# What could temporarily block out the sun?



## theoddone (Jun 16, 2015)

I apologize for asking this type of question.... I have a story idea *ALL* planned out, except for this one concept. The story is basically about a parasitic alien that can live flawlessly on Earth, aside from its inability to live in the sunlight. It cannot go out at night, either, because the moon reflects the sun's light. So, I need an idea that would allow the alien to temporarily block out the sun... and, of course, the hero would have to be able to unblock it and save the planet.


----------



## popsprocket (Jun 16, 2015)

Well, extreme volcanic eruptions and the smoke from forest fires can block out the sun for varying lengths of time.
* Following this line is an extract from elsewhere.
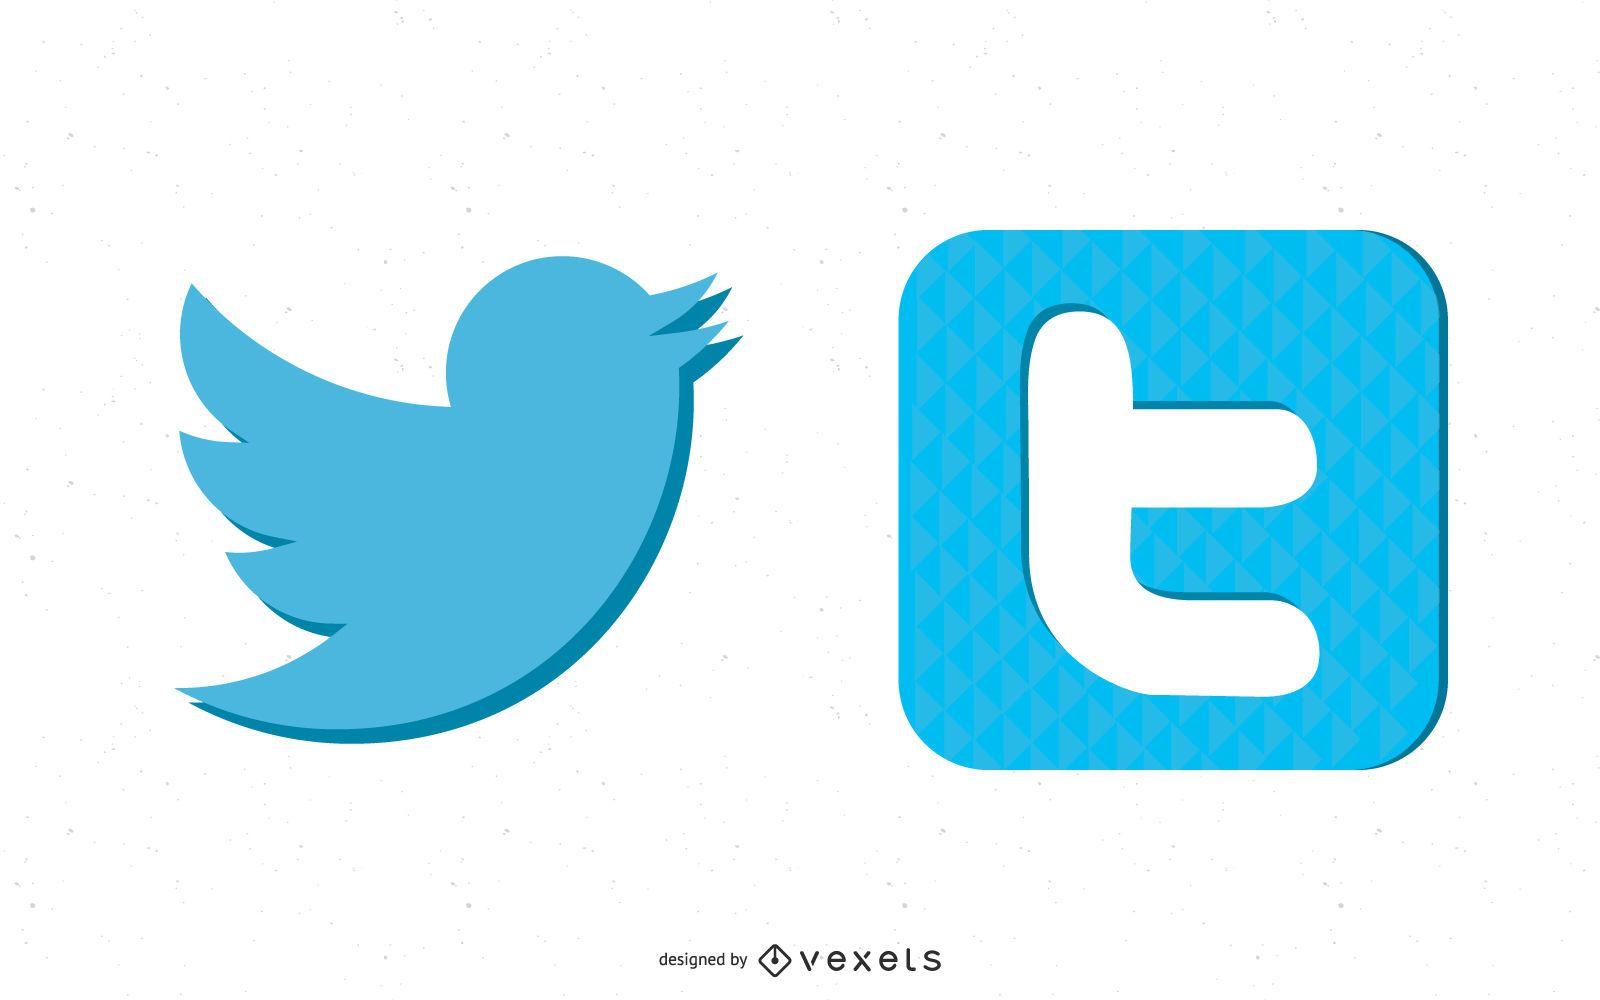 2 fantastische Twitter-Symbole

Being able to unblock the sun again would be the real trick I imagine.

What if the aliens had some kind of method (machine, technology, etc) of injecting dense clouds into the upper atmosphere that could block out the sun, and the hero has to stop the machines from working in order to clear the skies again?


----------



## musichal (Jun 16, 2015)

Nothing, God.  But, since light behaves both as a particle and a wave, then I'd go with some sort of advanced, alien technology able to divert part of the sun's particle-wave emission, scattering it away from the Earth.  You don't need to explain it much more than that, your scientist(s) simply use observation and math to locate the device so your hero can go flip the switch off, in a manner of speech.


----------



## cinderblock (Jun 16, 2015)

theoddone said:


> The story is basically about a parasitic alien that can live flawlessly on Earth, *aside from its inability to live in the sunlight. It cannot go out at night, either, because the moon reflects the sun's light.*



Isn't that a direct contradiction of your first statement? 

Nuclear winter, volcanic eruptions can all block out sunlight to a degree, although considering how fragile these parasites are (can't even withstand the moon), nothing short of a massive nuclear winter that eviscerates the majority of the planetary population and causes total blackout, would allow said parasites to stand a chance.


----------



## Kevin (Jun 16, 2015)

Fog. Fairly harmless except to the curly/wavy-haired, creating endless hair-havoc. We have aliens that cause it to come every June. The Gloom they call it, June Gloom.


----------



## Riptide (Jun 16, 2015)

It could be an ancient techinique, like the rain dance. They do a little woogie boogie out on a no moon night, a stormy night, an eclipse. To end it you gotta kill whoever, do whatever, then sacrifice yourself.... Okay, maybe not the last part.


----------



## John Oberon (Jun 16, 2015)

I think it's easiest to make the blocking chemical rather than mechanical. Maybe if the alien ingests a human brain, it renders sunlight harmless to it for a couple days because of some kind of brain chemical. Then the hero saves the day just as the alien is about to use his girlfriend as sunscreen, and it scuttles back into its hole. I think you make the alien able to withstand the sun for small amounts of time, but not without pain, so it can go out and harvest brains or whatever. But the hero needs to hurry to destroy the alien because it reproduces asexually, and it's just about ready to have litter, if it can just consume enough brains to reach the end of the gestation period.


----------



## Terry D (Jun 16, 2015)

Are these aliens intelligent? Technological? Or are they just an alien version of bed-bugs? If this is an intelligent invasion by a technological species they could put an enormous sheet of some sun blocking material into a geosyncronus orbit between the Earth and the sun to create an artificial, permanent, eclipse. But then you would still have the problem I'll discuss below.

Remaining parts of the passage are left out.